The biggest issue with the Max's sound was its potentially piercing midrange. Unfortunately I couldn't adjust it out; turning treble down all the way didn't help much. If you like Dick Dale or bluegrass violin solos, maybe you should consider a different speaker.
Compared to the more-expensive Bose SoundTouch 30, the Max blew it away.  Both speakers have a similarly energetic sound profile, but the Bose just can't match the Max's volume levels without distorting, even at only two-thirds of maximum. The Google speaker did sound a little scratchy at 100 per cent, so I backed it off to 90 per cent for most playback, which was still plenty loud for our 11-by-20-foot listening room.
Finally I tested the Max's ability to play in stereo, paired with a second Max.
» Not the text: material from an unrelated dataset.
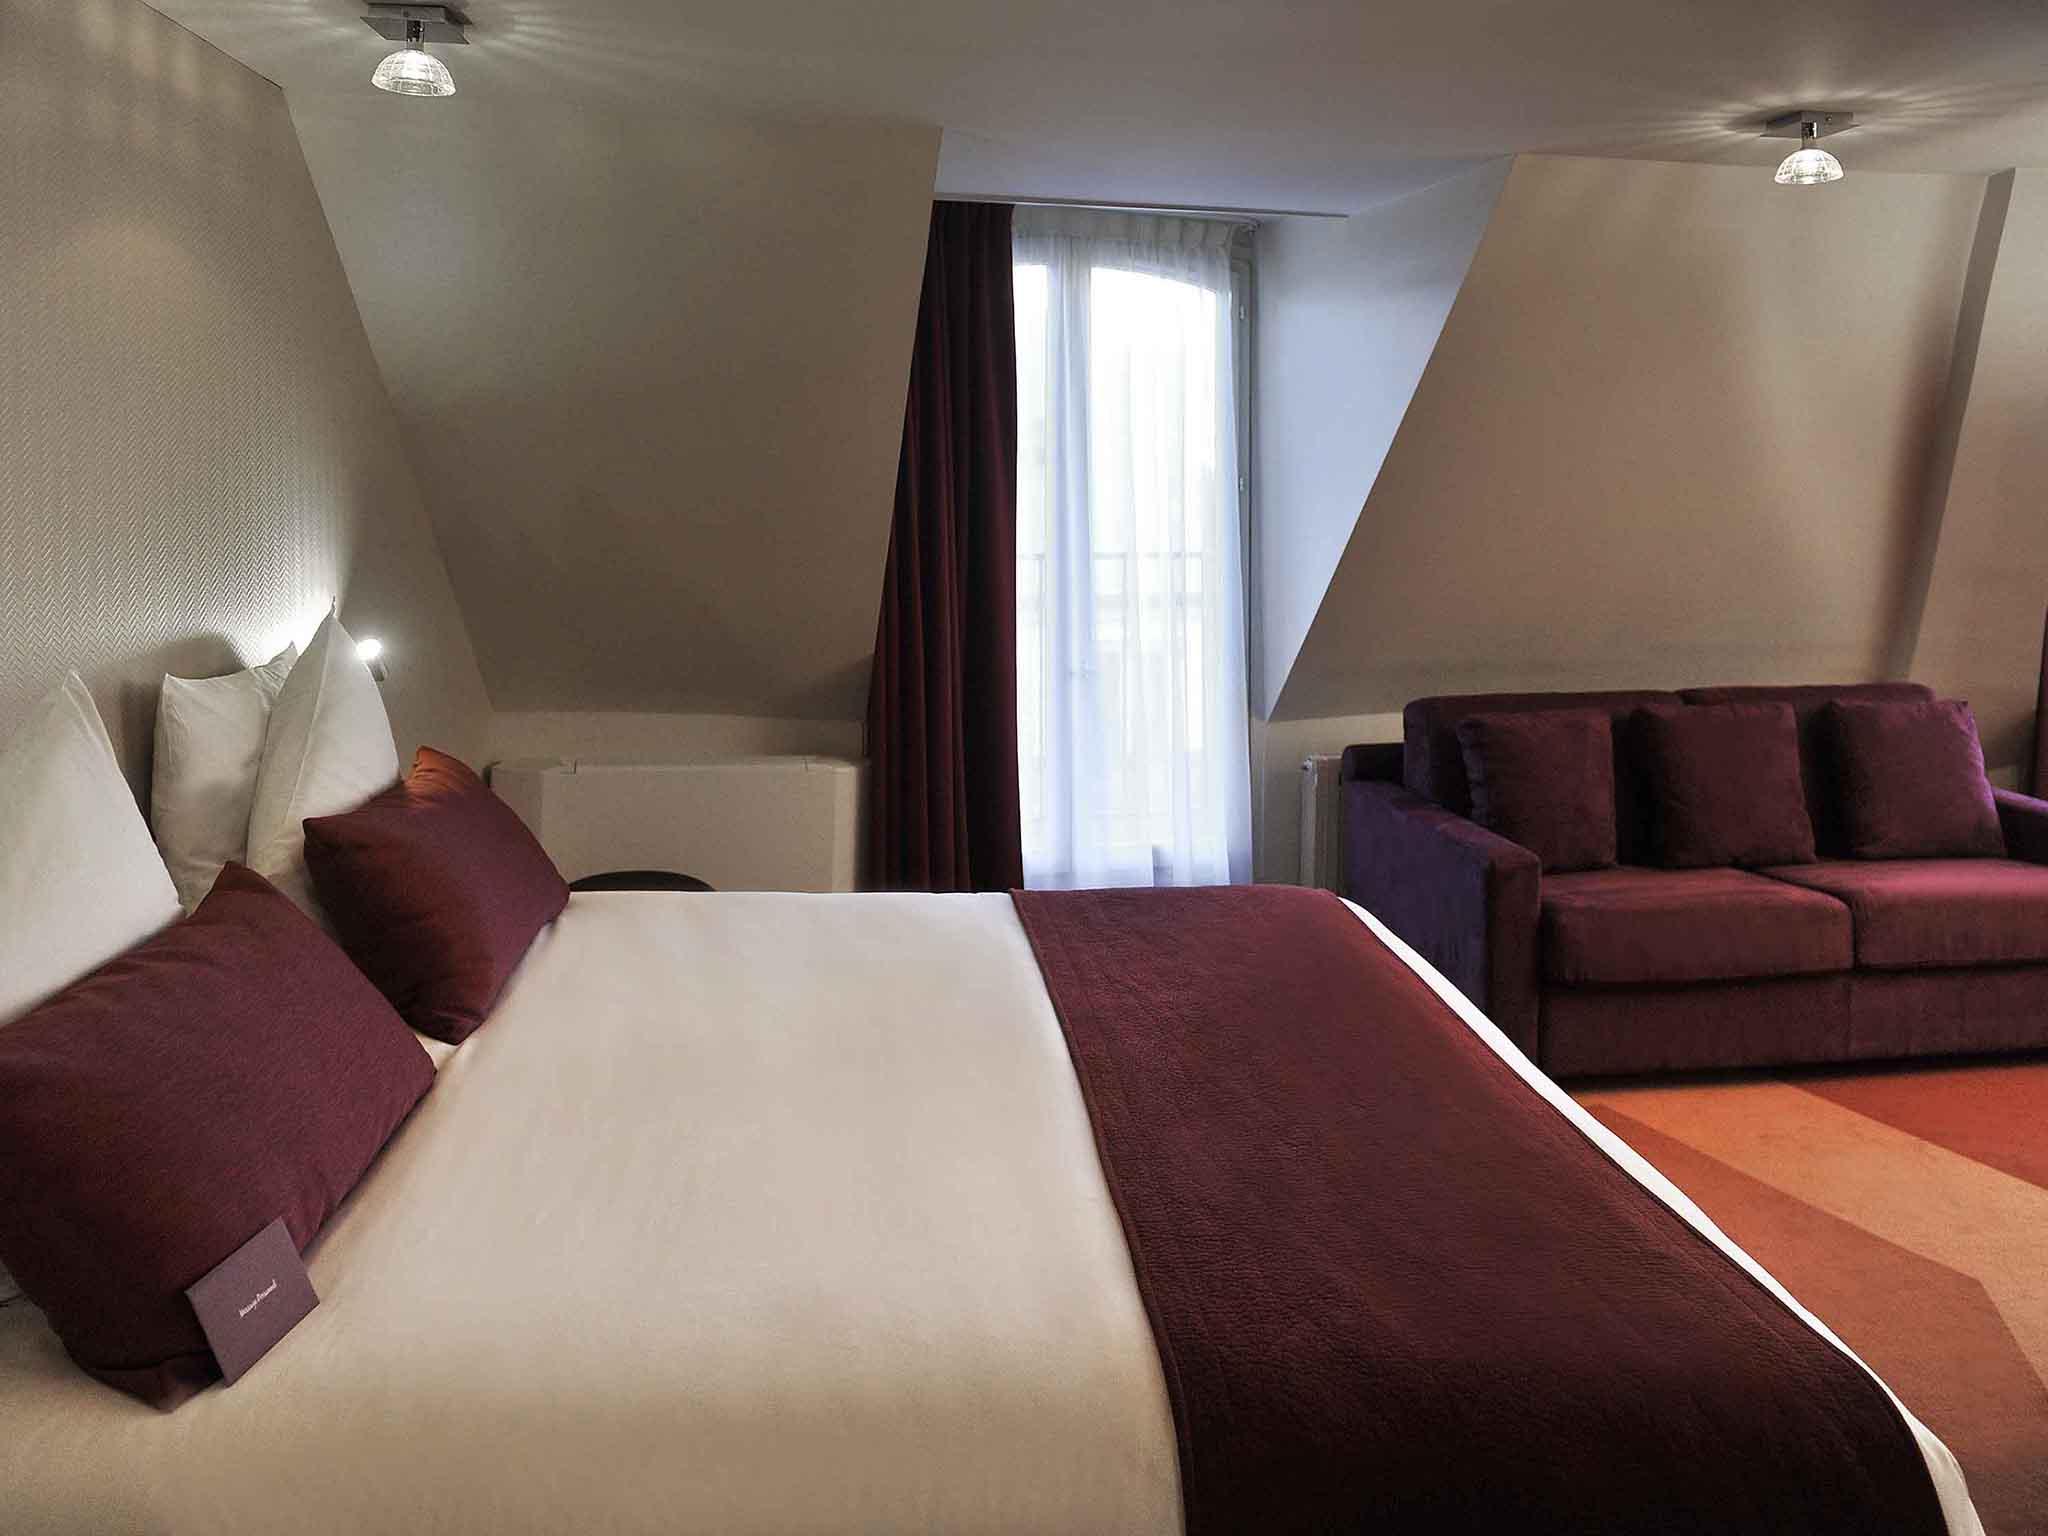 فندق - Mercure باريس أوبرا لافاييت

Unfortunately it's a little wobbly here: the stereo focus drops in and out and the sound doesn't acquire the expected depth that buying another $400 speaker should warrant. A pair of Sonos One speakers, meanwhile, sound great in stereo. Of course Sonos has a big wireless audio head-start on Google, so maybe the Max's stereo performance can be improved with software updates.

Should you buy it?

Is the Google Home Max the speaker that will tempt audiophiles away from their two-channel systems? In a word, no. This is a single-box speaker, and subject to all the compromises that type of form factor introduces. If you prioritize performance and are trying to decide between a pair of Maxes and a stereo system, the choice is easy -- get a stereo system.
For example, a pair of Q Acoustics 3020s, a Yamaha R-S202 and a Google Chromecast Audio will kick the butt of this system in terms of both dynamics and sound stage. Throw in a Google Home Mini for voice control and you're golden.
But let's say you don't want to bother with separates and value the clean look of a single speaker. If you're mostly doing background listening, my advice is to save the money and get a single Sonos One at half the price of the Max -- or even a Google Home or Mini, if you're on a tighter budget.
For bigger spenders, Google's big speaker is right up there with the Sonos Play:5 in terms of sound quality, and it's now the leading speaker we'd recommend at this price if you want a Chomecast-based multiroom system.